Kirchliches Schulwesen ist für mich ein ganz wichtiger Punkt. Ich freue mich beispielsweise sehr über den Erfolg des evangelischen Schulzentrums in Leipzig. Aber genauso bedeutend ist die Präsenz von Kirche auch im staatlichen Schulwesen. Evangelische Kirche steht für die Verbindung von Glauben und Bildung. Wir müssen jungen Menschen Bildungsangebote machen, die sie dazu befähigen, selbst zu entscheiden, wie sie zum Glauben stehen.

In Sachsen gab es Streit um den Bezug auf christliche Tradition im Schulgesetz. Ist am Vorwurf der Zwangsmissionierung was dran?

Laut einer EKD-Untersuchung vom letzten Jahr wird auch von religiös Ungebundenen erwartet, dass Kirche einen wichtigen Beitrag zur Wertorientierung von Menschen leistet. So gesehen ist es doch gut, wenn ein Schulgesetz oder ein anderer Verständigungstext sagt: Ja, diesen Beitrag wollen wir leisten.
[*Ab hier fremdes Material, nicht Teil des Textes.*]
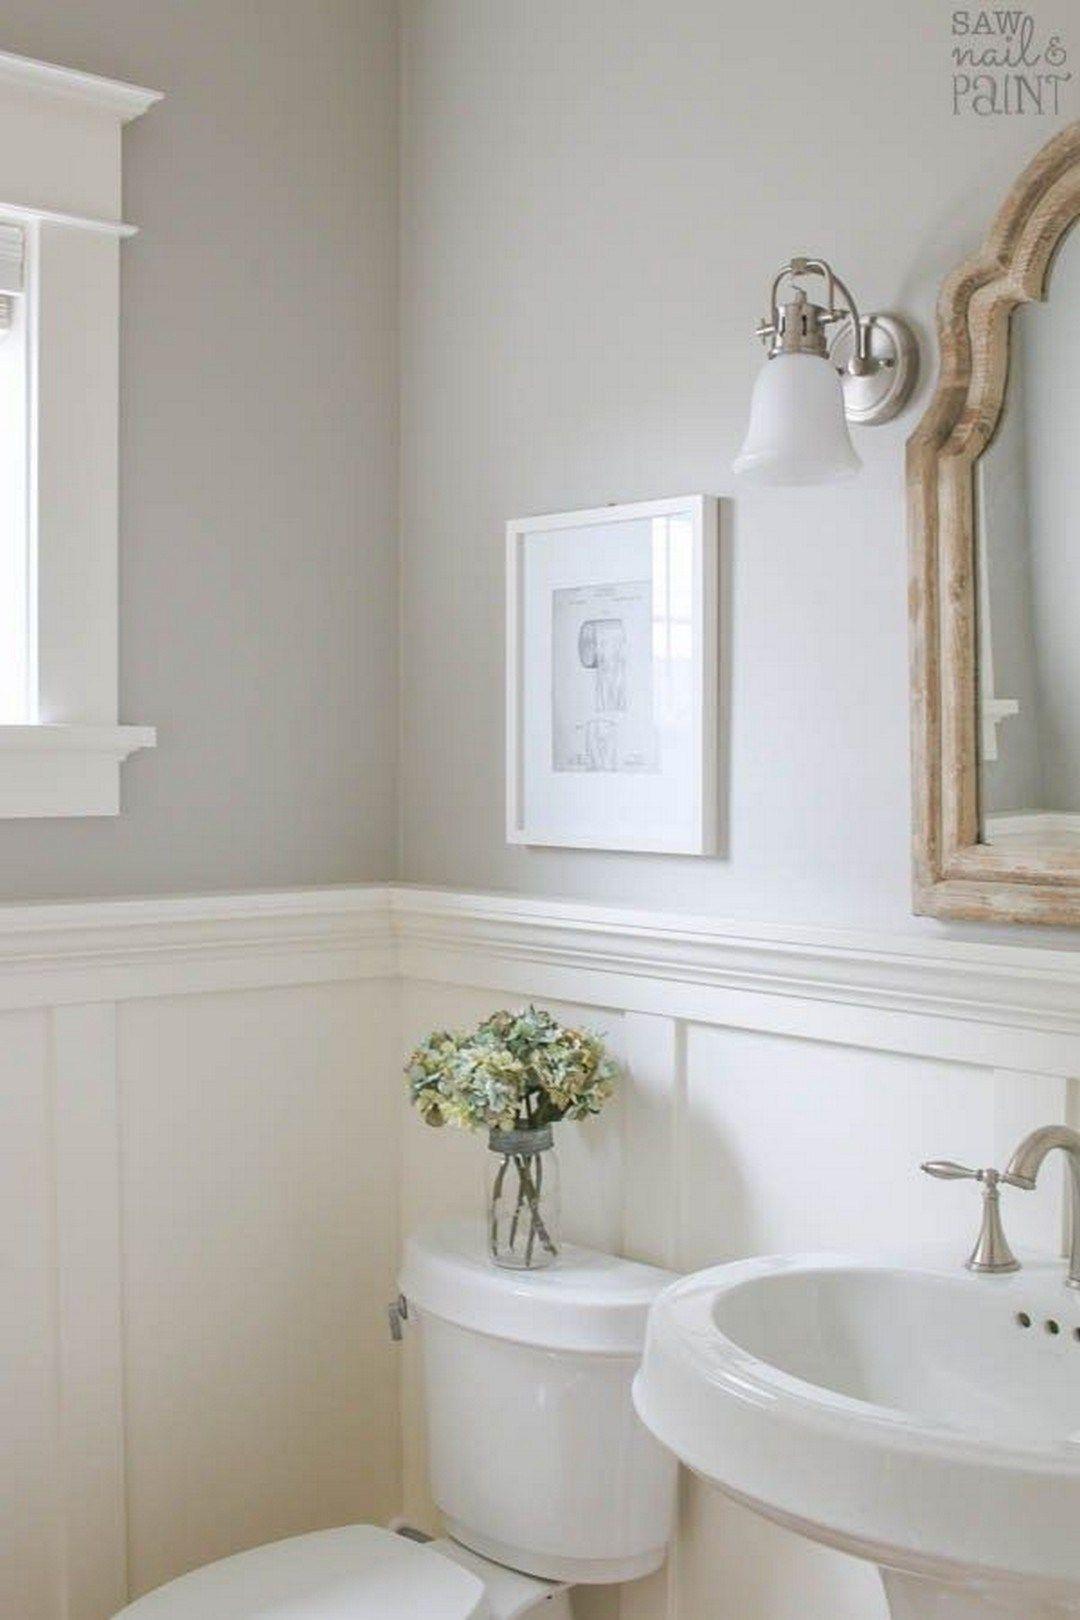 Fresh Neutral Color Scheme For Modern Interior Design (32

Die Präsenz von Kirche in Schulen hat mit Zwangsmissionierung nichts zu tun.

Im Osten gibt es weiter eine große Dominanz der Jugendweihe gegenüber der Konfirmation. Hoffen Sie noch auf eine Trendwende?

Ich kann es nicht akzeptieren, wenn es weiterhin Schulen gibt, in denen die Jugendweihe klassenweise organisiert wird. Das ist eine Praxis, die aus der DDR-Zeit stammt. Die Jugendweihe ist aber eine weltanschauliche Veranstaltung, die nicht in die Klassenzimmer gehört. Schule ist kein geeigneter Organisationsrahmen dafür. Natürlich wünsche ich mir, dass der Anteil der Jugendlichen wächst, die von sich aus Zugang zum Glauben finden. Das ist aber ein Weg, der in freier Entscheidung gegangen wird. Dafür brauchen wir einen langen Atem.

Ein Thema für junge Menschen ist derzeit der Mel-Gibson-Film "Die Passion Christi". Bietet das Epos einen Zugang zum Glauben?

Nein, wer sich mit der Leidensgeschichte Jesu beschäftigen will, dem rate ich, die Evangelien zu lesen oder Bachs Passionsmusiken zu hören. Mel Gibsons "Passion Christi" ist ein gewaltiger, aber auch gewalttätiger Film. Es gibt eindrucksvolle Bilder - wie das Schlussbild mit Maria und dem vom Kreuz abgenommenen Jesus. Aber der Film ist im Kern unerträglich gewalttätig. Der Sinn des Todes Jesu wird überhaupt nicht deutlich durch die Isolierung auf die letzten zwölf Stunden in seinem Leben.

Viel diskutiert wurde auch über den ersten ökumenischen Kirchentag 2003. Wird es einen weiteren unter ihrem EKD-Vorsitz geben?

Ich hoffe, dass es bis zum Ende meiner Amtszeit 2009 eine Fortsetzung dieser zukunftsweisenden Entwicklung gibt. Es mehren sich die Stimmen, die sich das sehr wünschen.